I have, a few times, and I don’t like it, despite the fact that I get my best results there.
What causes the late nighters?
Sometimes the nature of work just gets busy and forces us to stay behind. You roll with the punches, as they say.
But more often than not, for a lot of us neurodivergents, especially ADHDers, it’s because we’ve procrastinated, been distracted, or gotten overstimulated by our sensory environment. Which we’ll get into today.
My Story
Early in my career (undiagnosed neurodivergent), we did five days in the office. There was constant background noise, and I felt overstimulated and overwhelmed; focus was a real challenge some days.
Deadlines were looming, and I didn’t want to miss them, so that meant staying behind while everyone else headed home. I envied them!
But I was amazed at how well I could lock in (hyperfocus) once the office emptied out. No distractions, no noise, just a quiet, blissful flow state.
I remember thinking: if only I could tap into this mode during work hours, I could get so much done without it eating into my after-work time. If only it were that simple, right?
Many neurodivergents also have delayed circadian rhythms. Melatonin rises later, so energy and clarity often peak in the evening or night when the world quiets down. Fewer interruptions + natural alertness spike = easier flow state.
Fast forward to having a family, staying late isn’t sustainable, not if I want to be present.

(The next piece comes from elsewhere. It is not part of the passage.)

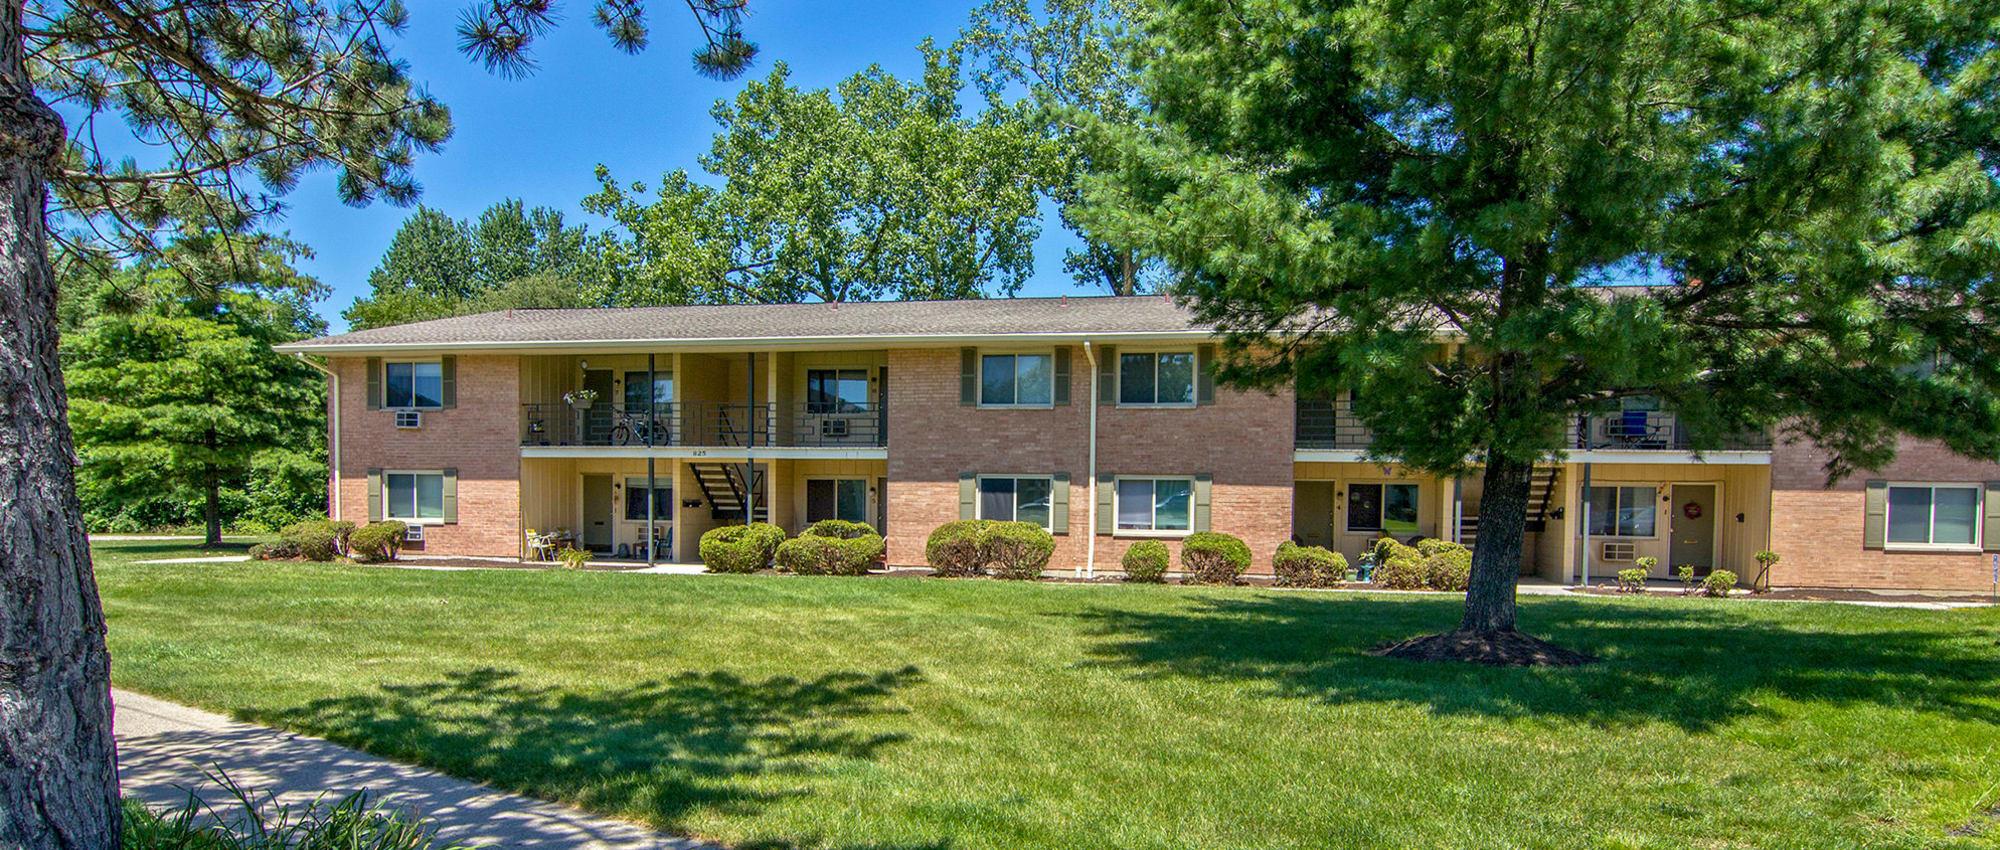 Apartments at The Summit at Ridgewood in Fort Wayne, Indiana

Practical Suggestions: Prep for Peak Performance
I’ve learned I perform best in off-peak (quieter) hours. Here’s what helps:
1) Front-load meaningful work
Prep key tasks the evening before or early same day. Build momentum so you can “plough through” even when the day gets chaotic. “Lay your bed” the night before!
2) Create flow during work hours
Mimic evening conditions. Use noise-cancelling headphones, block time for deep work, or find quiet spots. Short movement breaks, Pomodoro-style timers, and minimizing open tabs can help trigger focus.
ADHD brains tend to under-respond to routine, low-stakes tasks, but a clear plan waiting from the night before removes the friction that usually invites procrastination.
A few things that help me “lay my bed”:
1) Pick the one task that actually matters and prep it the night before: file open, notes ready, first step written down so there’s zero friction in the morning.
2) Protect one quiet block during the day, even 30 minutes, and treat it like a meeting you can’t skip.
3) Set a hard stop. Decide when you’re leaving before the day starts. It’s easier to protect a boundary you set in advance than one you’re negotiating in the moment.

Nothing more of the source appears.